I bought DVI to HDMI to connect my PC to my 46" TV. The picture works fine both as the only screen or as multi screen. The problem I am having is I cant get the sound to come from the TV. I have a separate wire for the sound but nothing I seem to do will make it work. There is a certain spot to plug them in in back of the TV which they are in the right spot so I think it has something to do with the PC side.


----------



## Tekmazter (May 22, 2008)

Let me try and explain this ... when you're using your HDMI input on your TV, your TV is going to be taking audio from the HDMI interface *only*. Since you're using DVI which doesn't carry audio and running that to the TV you're not going to get anything out of any other audio ports while you have the input of HDMI selected. 

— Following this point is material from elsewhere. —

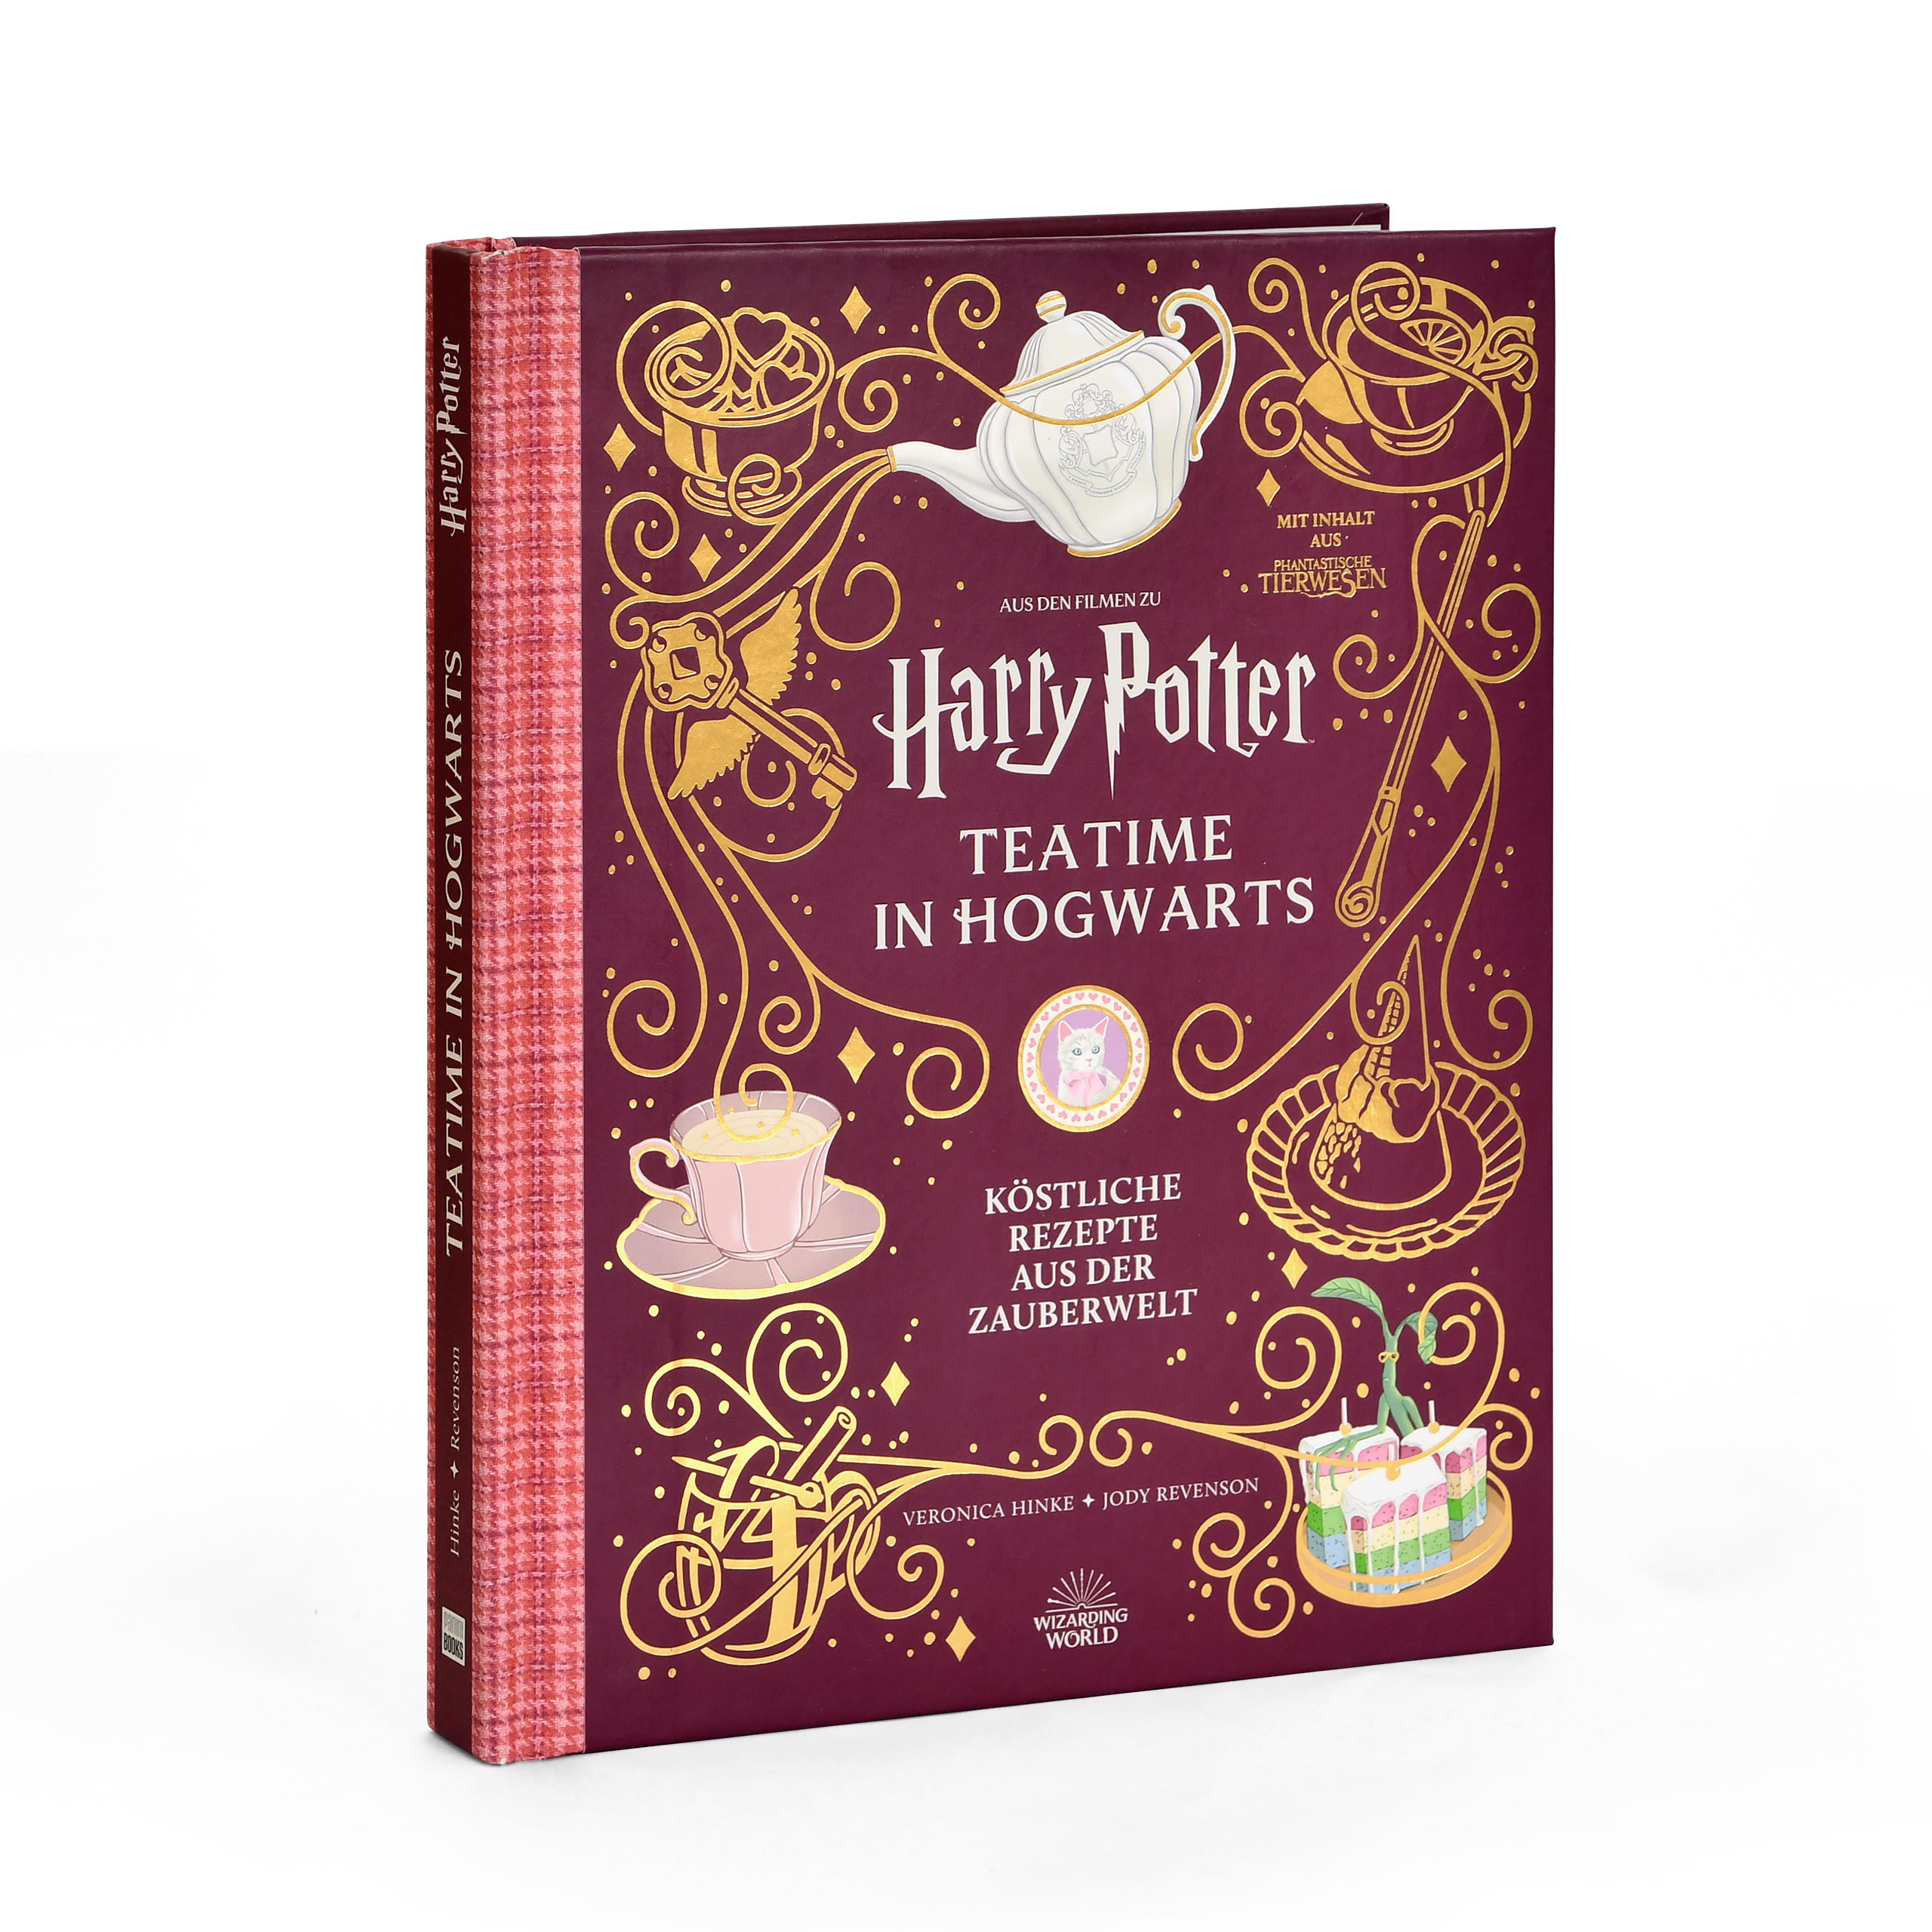 Harry Potter - Teatime in Hogwarts - Köstliche Rezepte aus der Zauberwelt

What you need to do is get a receiver and wire the audio out from your PC to that. Then hook that to your speakers

In my case I have a Windows Media Center box with an HDMI out on the video card. I run that directly to my TV. *HOWEVER*, I wanted to leverage my high end creative labs card for audio out. So, I disabled the audio driver on my HDMI out on the PC and instead use my Creative Labs card. Out from my PC all audio goes to a Sony receiver which I have some decent mid range speakers and a sub hanging off of.


----------



## justinmac1984 (Mar 12, 2009)

I wanted to hook the sound right to the TV. I have a separate wire to go from the PC to TV, the same kinda wire that you would use for regular computer speakers. I have an adapter to plug that to my TV. In my TVs manual thats how it says to hook it up. It just seems no matter what spot I plug it into on my computer it doesnt work, even when I plug it to the spot where my computer speakers usually are.


----------



## yustr (Sep 27, 2004)

That's because, as Tek said, when your TV has something connected via HDMI it must expect to get audio from that too. So it shuts every other input off. (Note: HDMI has both video and audio - while DVI only has the video part.) Try the menus on the TV and see if you can't tell it to keep the other inputs active when HDMI is being used for video.


----------